# Cómo correr una macro desde un botón en un excel sheet?



## josevaldesv (Sep 25, 2004)

Buen día... aprovechando el fin de semana pregunto cómo se puede correr una macro desde un botón en una hoja de excel...

quizá este botón pudiera ser una pequeña imagen que pongamos en la página, y que cuando se le da click, se corra la macro

o también podría ser un hyper link.. no lo sé

Saludos


----------



## Juan Pablo González (Sep 26, 2004)

Lo más sencillo es usar un botón de la barra "Formularios".

Al hacer click derecho sobre alguna de las barras, se selecciona "Formularios" para que aparezca esta barra.

Luego, se hace click en el botón de "Botón", y se dibuja sobre la hoja, con el tamaño que se desea.

Ahí mismo Excel pregunta que qué macro se desea asignar a este botón.

Luego se puede cambiar el texto para que sea más facil distinguirlo... y ya !


----------



## josevaldesv (Sep 27, 2004)

Gracias. Ya pude hacerlo.

Tenía problemas ya que por alguna razón no tengo esa opción de asignar macro.

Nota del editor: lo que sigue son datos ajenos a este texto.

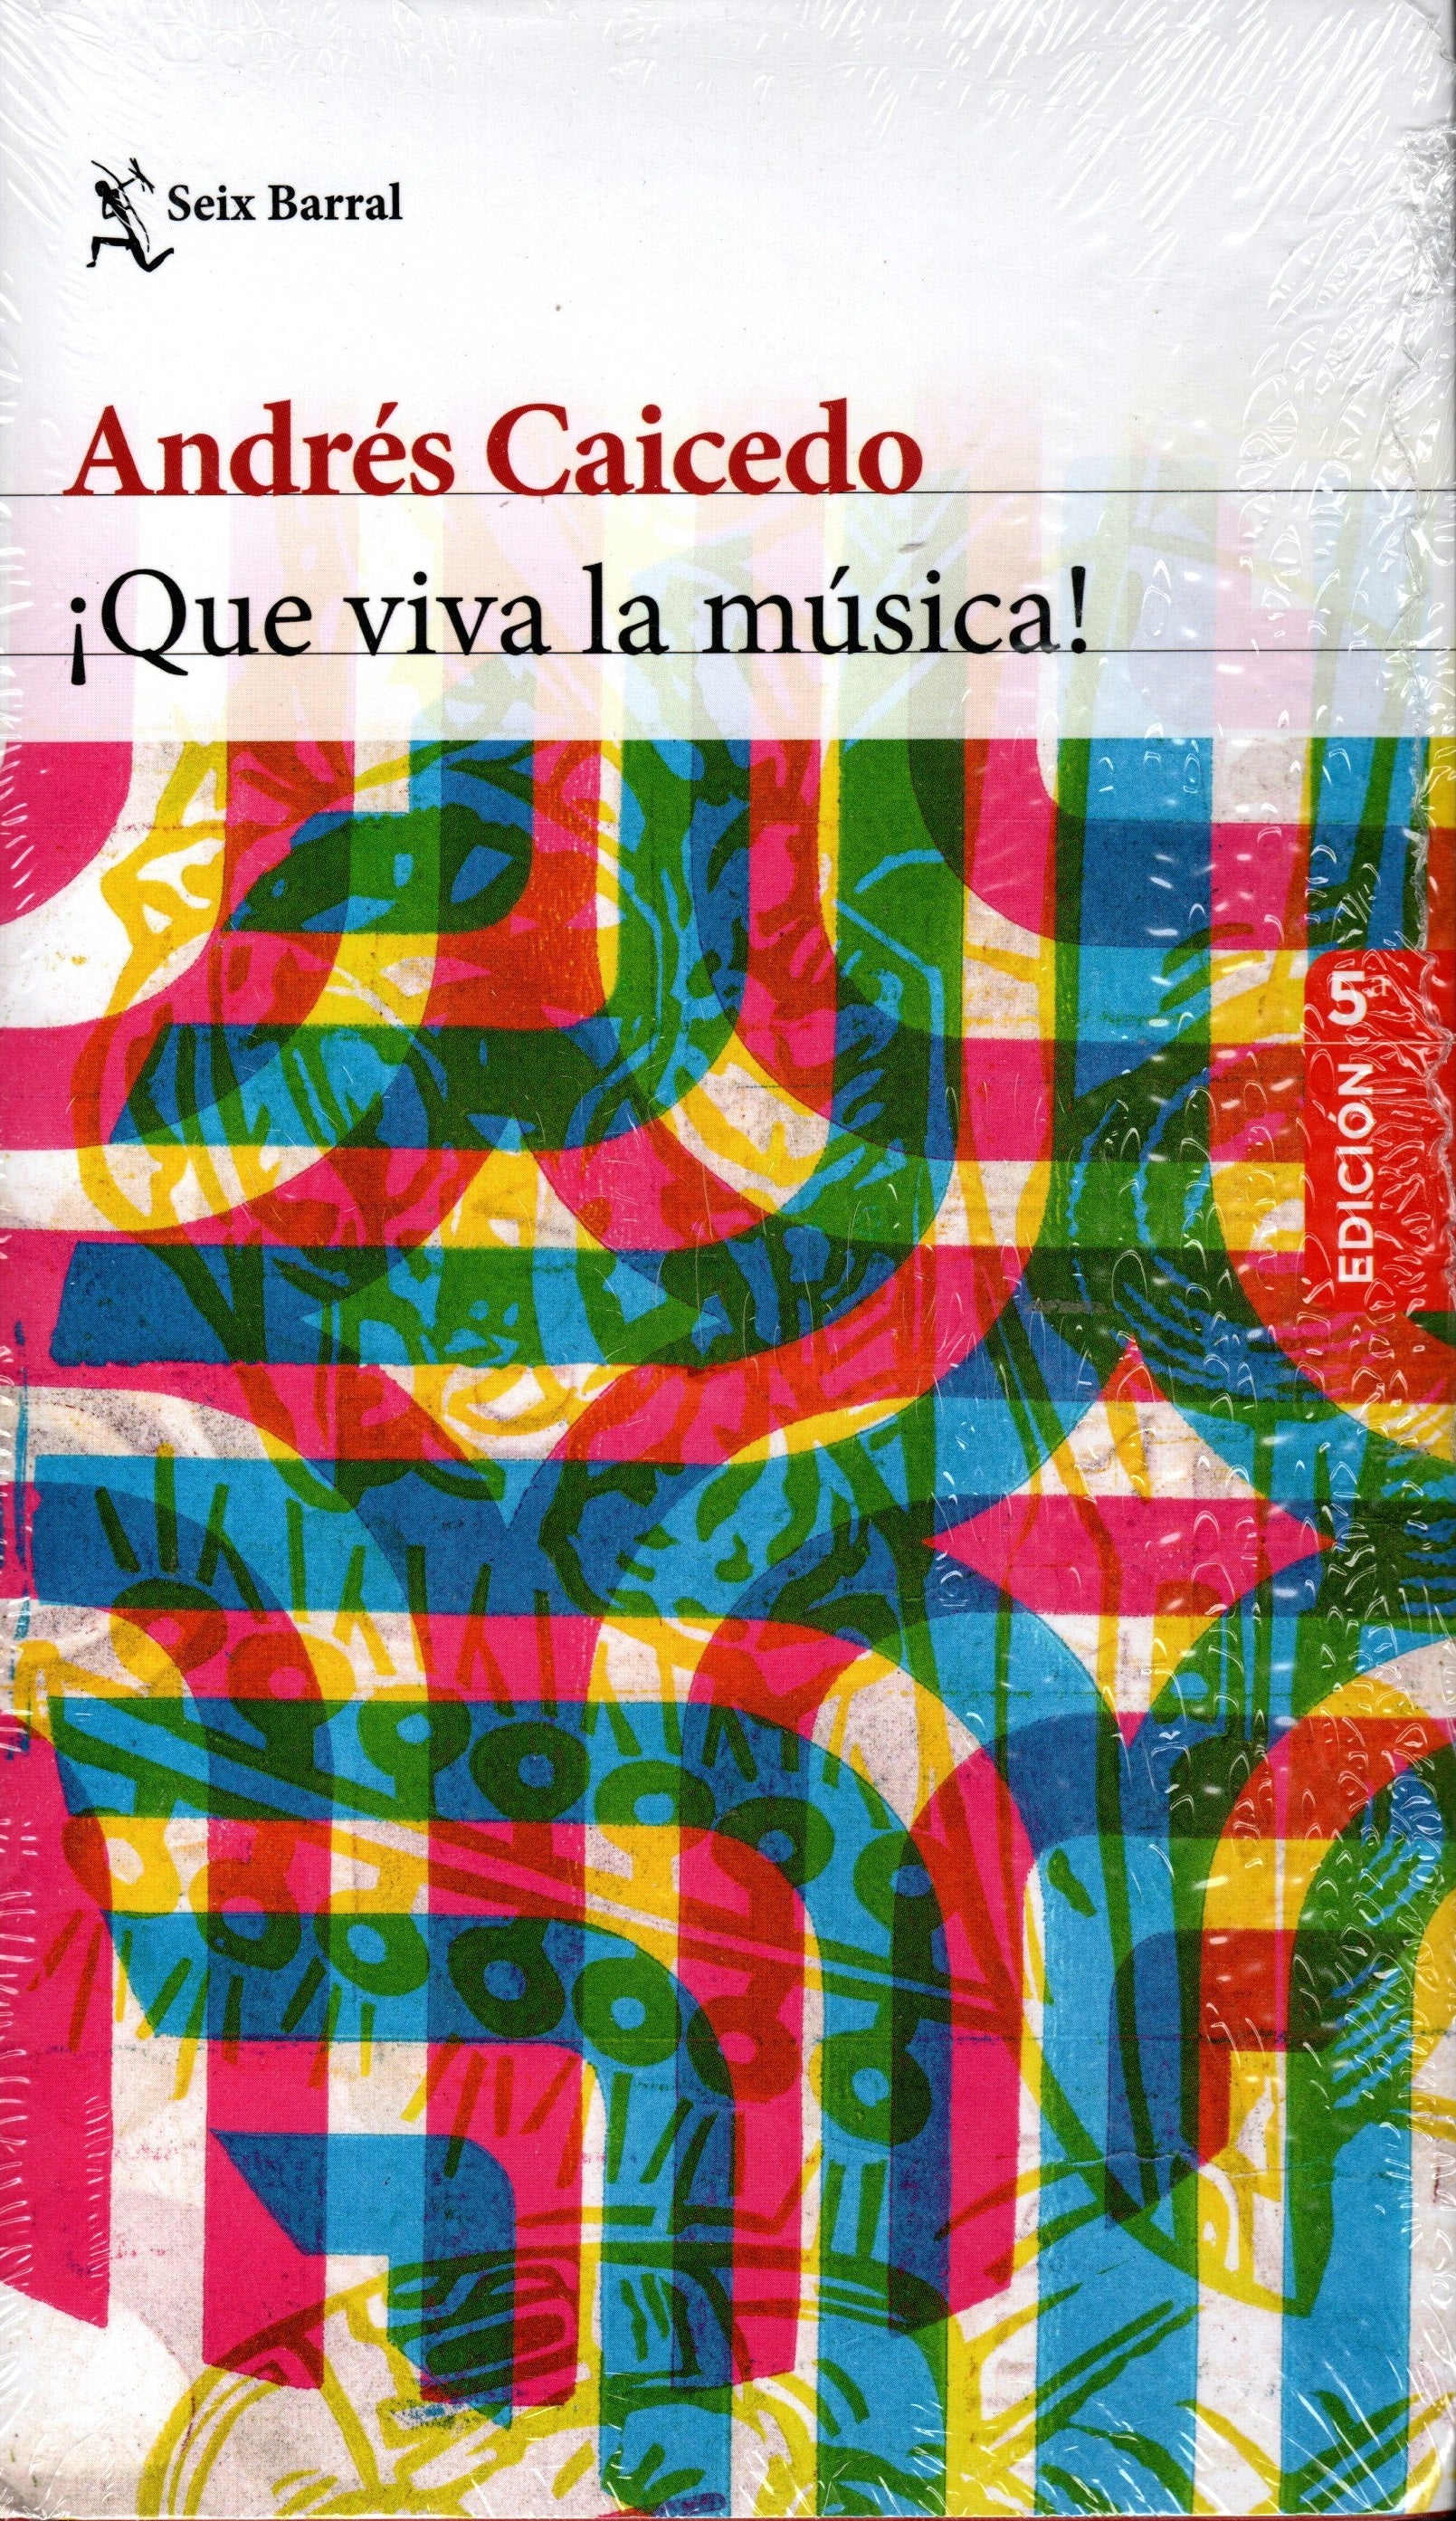 Libro Andrés Caicedo - ¡Que viva la música!

Lo que hago es agregar un dibujo de autoforma, y le asigno una macro, ya que el botón no me da esa opción.

Saludos.


----------



## Juan Pablo González (Sep 27, 2004)

Raro... lo único que se me ocurre para que no funcione es que se esté usando la barra "Cuadro de controles" y no la de "Formularios".  Pero bueno, si con una autoforma funciona, pues bien...


----------